Aliasing is simpler. Aliasing simplifies the operational semantics of Grace, by removing super-requests from the language. At the same time, aliasing is more powerful, since it allows reuse of methods from any ancestor in the inheritance chain. Aliasing also simplifies the implementation. Moreover, aliasing supports inheritance from a composition of traits: in contrast, the meaning of super is problematic if methods with the requested name are inherited from multiple places.

Abolishing super reduces the number of syntactically-different requests to four: (1) explicit requests (o.x), (2) self requests (self.x), (3) outer requests (outer.x), and (4) implicit requests (x), which resolve either to self requests or to outer requests.
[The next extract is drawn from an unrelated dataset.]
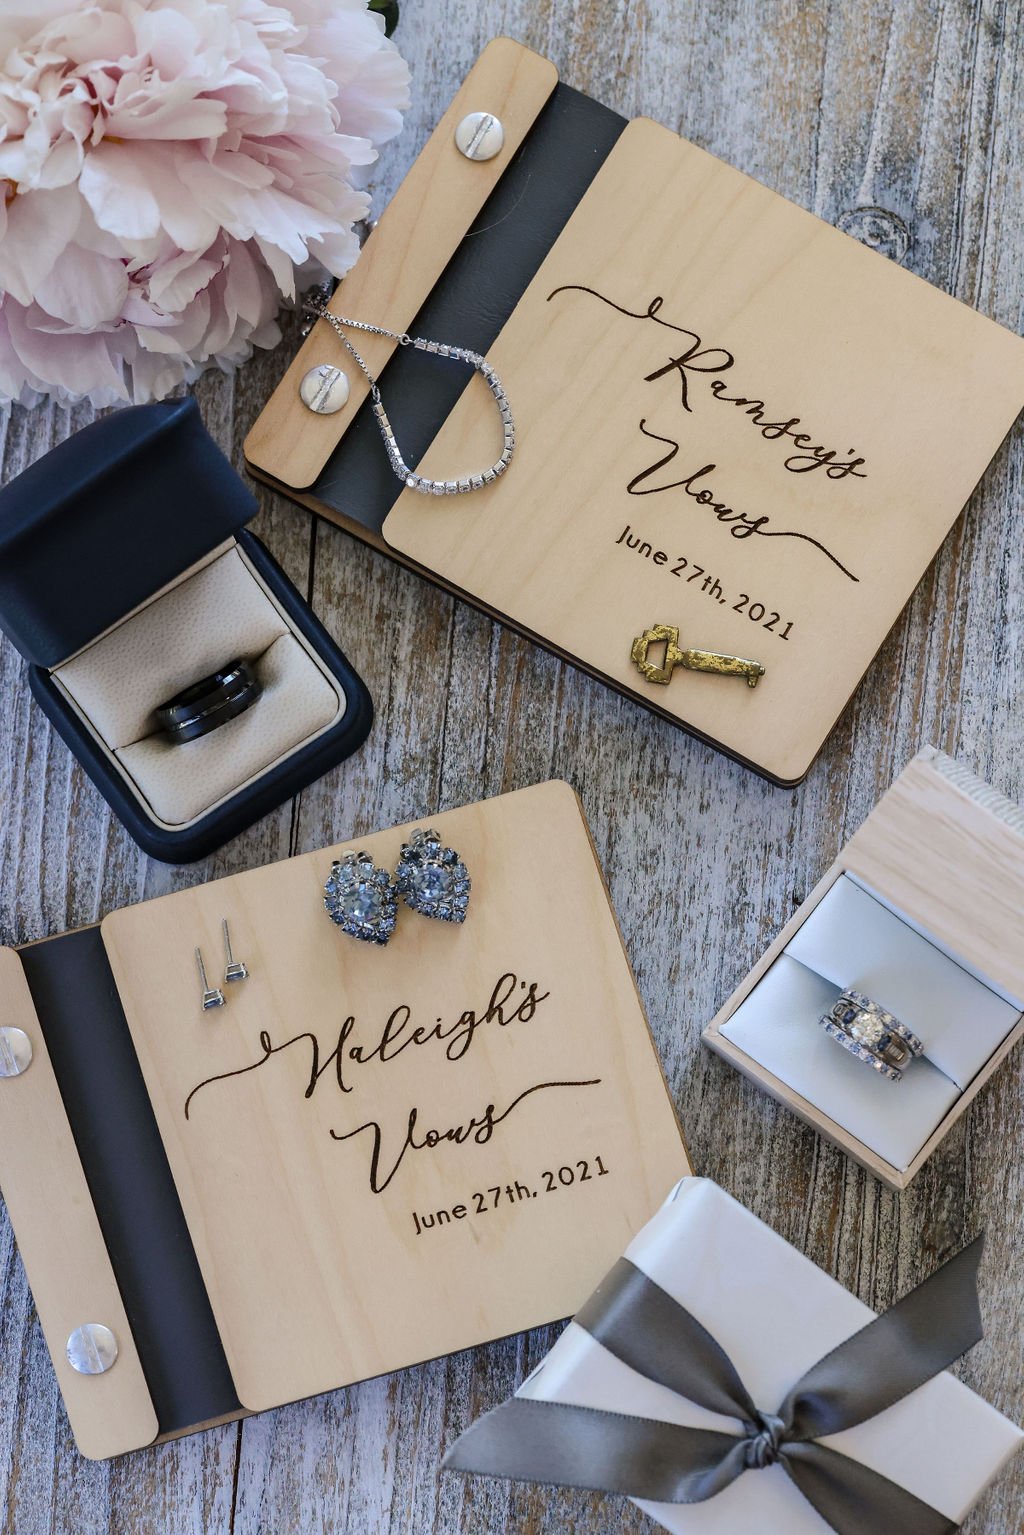 Gorgeous wedding details with rings and vow books.jpg

Aliasing also supports a simpler definition of inheritance in terms of “prefixing”, which goes back to Simula. The idea is that a series of inheriting class declarations can be consider as equivalent to a single class declaration in which the bodies of the superclasses are prefixed to the declaration of the subclass.

In this example, the behaviour of the bottom class should be the same whether it was declared with inheritance (on the left) or without (on the right). In Grace, of course, this textual prefixing works only when all the declarations are in the same lexical scope, i.e., when they are declared one after another in the same file.

An alias clause adds an method additional declaration (for the new name) into the inheriting object; an overridden declaration is simply omitted.

Grace also supports an exclude clause that excludes inherited attributes from the composite object. Similar mechanisms are used in Smalltalk traits. Eiffel has a deep rename construct, which is similar but different, since it also renames recursive requests in the body of the renamed method.


Grace 0.7 supports traits — reusable collections of methods that can be “mixed in” to class declarations. Classes (and object constructors) can easily use more than one trait. For example, an orderingFromCompare trait could define a suite of ordering methods based on a compare method:

As you can see, a trait declaration looks pretty much like a class declaration, except that it uses the keyword trait rather than class. You can’t see the restrictions on traits: unlike a class, a trait may not contain var or def declarations, nor inline code. Classes can use multiple traits, but can inherit from at most a single superclass.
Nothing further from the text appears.